The isolation of morphologically intact and biologically active extracellular vesicles from the secretome of cancer-associated adipose tissue.

作者信息

Jeurissen Sarah, Vergauwen Glenn, Van Deun Jan, Lapeire Lore, Depoorter Victoria, Miinalainen Ilkka, Sormunen Raija, Van den Broecke Rudy, Braems Geert, Cocquyt Véronique, Denys Hannelore, Hendrix An

机构信息

a Laboratory of Experimental Cancer Research , Department of Radiation Oncology and Experimental Cancer Research, Ghent University , Ghent , Belgium.

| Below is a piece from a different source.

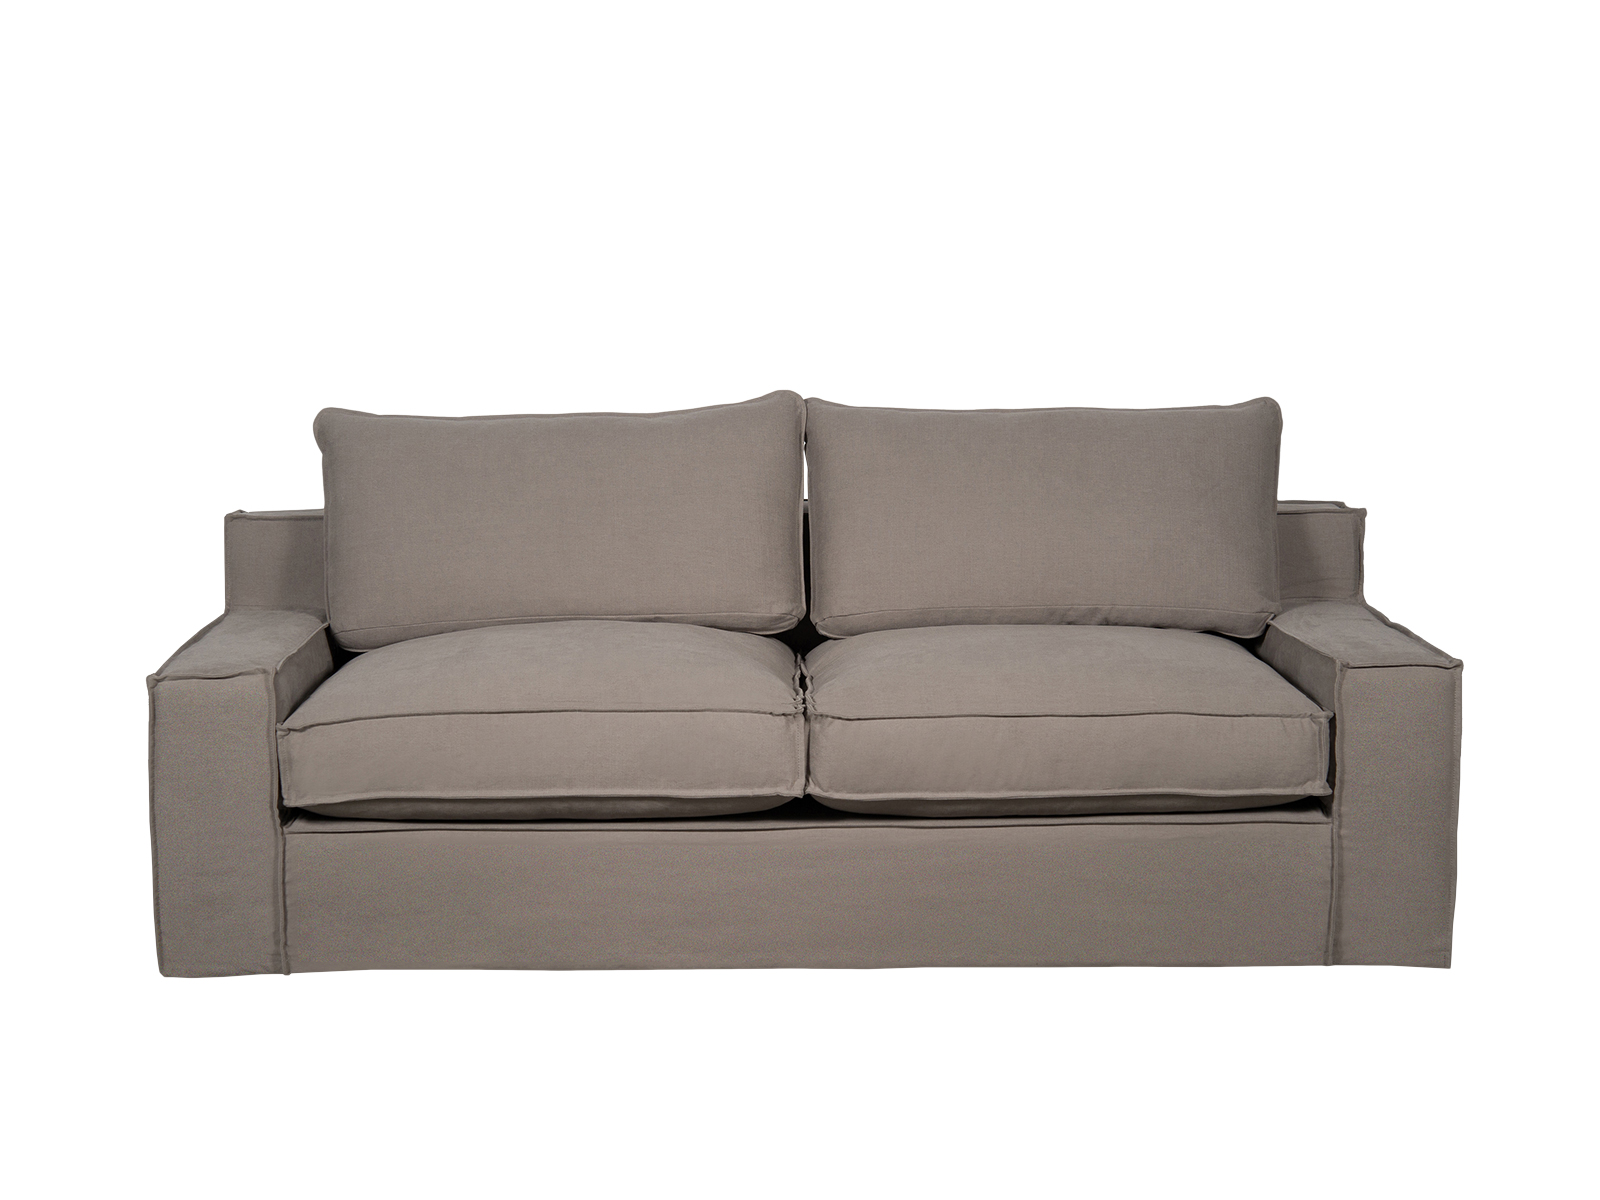 Canapea fixa 3 locuri Capri Brown
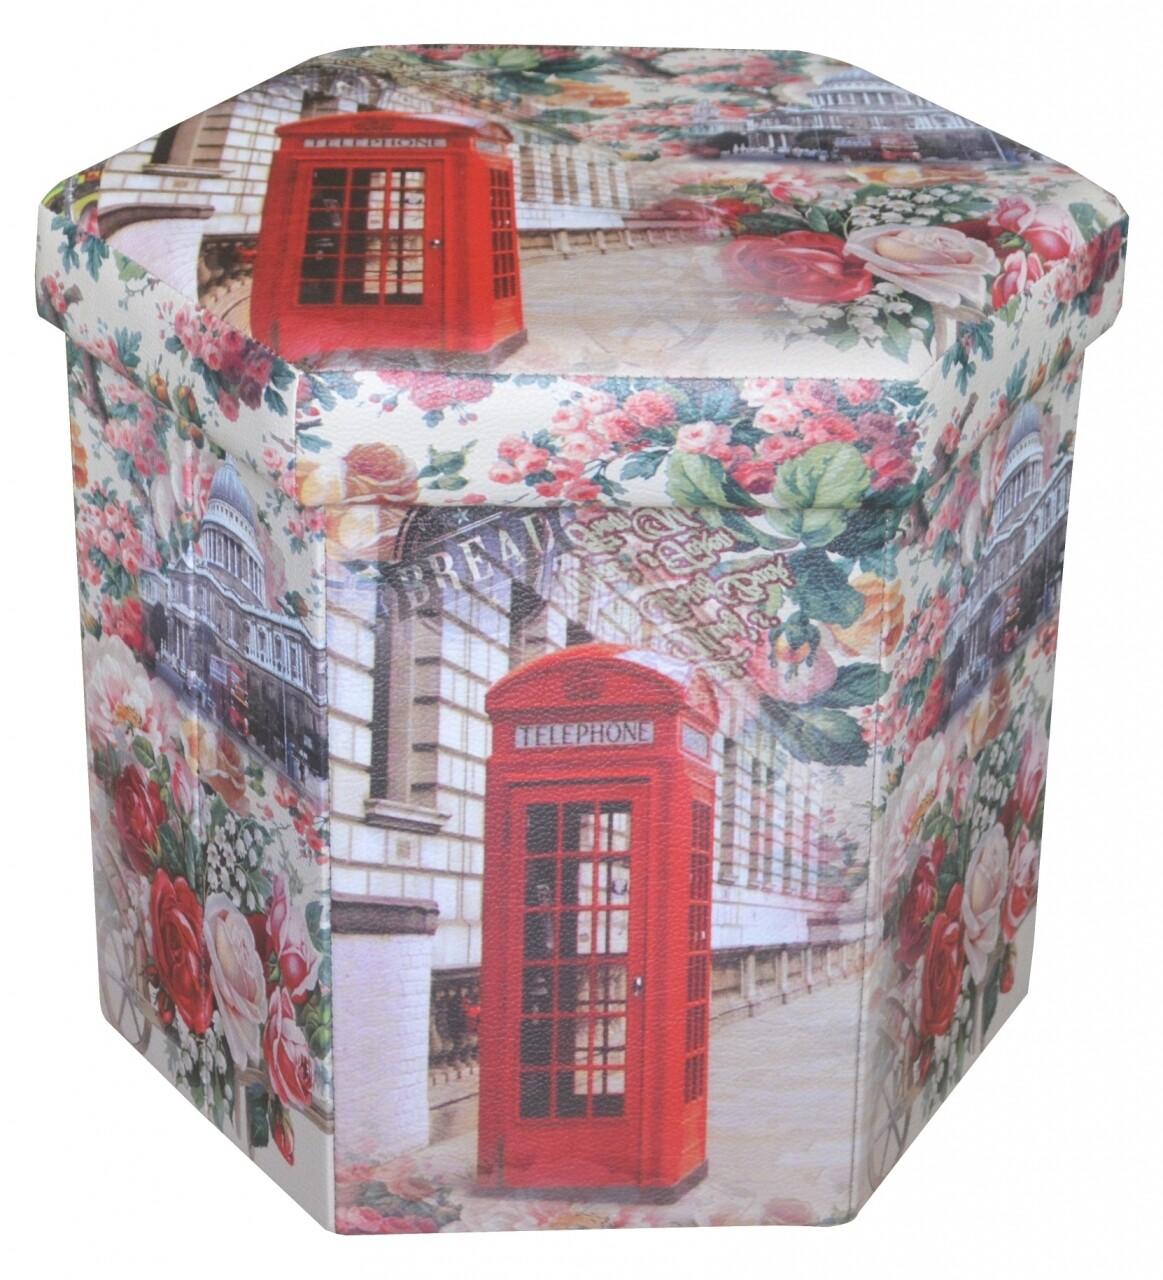 Taburet pliabil cu spatiu de depozitare Hexagonal Phone, Heinner Home, 43 x 38 x 38 cm, PVC, multicolor

b Department of Medical Oncology and Department of Gynaecology , Ghent University Hospital , Ghent , Belgium.

出版信息

Cell Adh Migr. 2017 Mar 4;11(2):196-204. doi: 10.1080/19336918.2017.1279784. Epub 2017 Feb 1.

Abstract

Breast cancer cells closely interact with different cell types of the surrounding adipose tissue to favor invasive growth and metastasis. Extracellular vesicles (EVs) are nanometer-sized vesicles secreted by different cell types that shuttle proteins and nucleic acids to establish cell-cell communication. To study the role of EVs released by cancer-associated adipose tissue in breast cancer progression and metastasis a standardized EV isolation protocol that obtains pure EVs and maintains their functional characteristics is required. We implemented differential ultracentrifugation as a pre-enrichment step followed by OptiPrep density gradient centrifugation (dUC-ODG) to isolate EVs from the conditioned medium of cancer-associated adipose tissue. A combination of immune-electron microscopy, nanoparticle tracking analysis (NTA) and Western blot analysis identified EVs that are enriched in flotillin-1, CD9 and CD63, and sized between 20 and 200 nm with a density of 1.076-1.125 g/ml. The lack of protein aggregates and cell organelle proteins confirmed the purity of the EV preparations. Next, we evaluated whether dUC-ODG isolated EVs are functionally active. ZR75.1 breast cancer cells treated with cancer-associated adipose tissue-secreted EVs from breast cancer patients showed an increased phosphorylation of CREB. MCF-7 breast cancer cells treated with adipose tissue-derived EVs exhibited a stronger propensity to form cellular aggregates. In conclusion, dUC-ODG purifies EVs from conditioned medium of cancer-associated adipose tissue, and these EVs are morphologically intact and biologically active.

摘要

乳腺癌细胞与周围脂肪组织的不同细胞类型密切相互作用,以促进侵袭性生长和转移。细胞外囊泡(EVs)是由不同细胞类型分泌的纳米级囊泡,可运输蛋白质和核酸以建立细胞间通讯。为了研究癌症相关脂肪组织释放的细胞外囊泡在乳腺癌进展和转移中的作用,需要一种标准化的细胞外囊泡分离方案,以获得纯净的细胞外囊泡并保持其功能特性。我们采用差速超速离心作为预富集步骤,随后进行OptiPrep密度梯度离心(dUC-ODG),从癌症相关脂肪组织的条件培养基中分离细胞外囊泡。免疫电子显微镜、纳米颗粒跟踪分析(NTA)和蛋白质印迹分析相结合,鉴定出富含 flotillin-1、CD9和CD63的细胞外囊泡,其大小在20至200纳米之间,密度为1.076-1.125克/毫升。缺乏蛋白质聚集体和细胞器蛋白证实了细胞外囊泡制剂的纯度。接下来,我们评估了dUC-ODG分离的细胞外囊泡是否具有功能活性。用乳腺癌患者癌症相关脂肪组织分泌的细胞外囊泡处理的ZR75.1乳腺癌细胞显示CREB磷酸化增加。用脂肪组织来源的细胞外囊泡处理的MCF-7乳腺癌细胞表现出更强的形成细胞聚集体的倾向。总之,dUC-ODG从癌症相关脂肪组织的条件培养基中纯化细胞外囊泡,并且这些细胞外囊泡在形态上完整且具有生物活性。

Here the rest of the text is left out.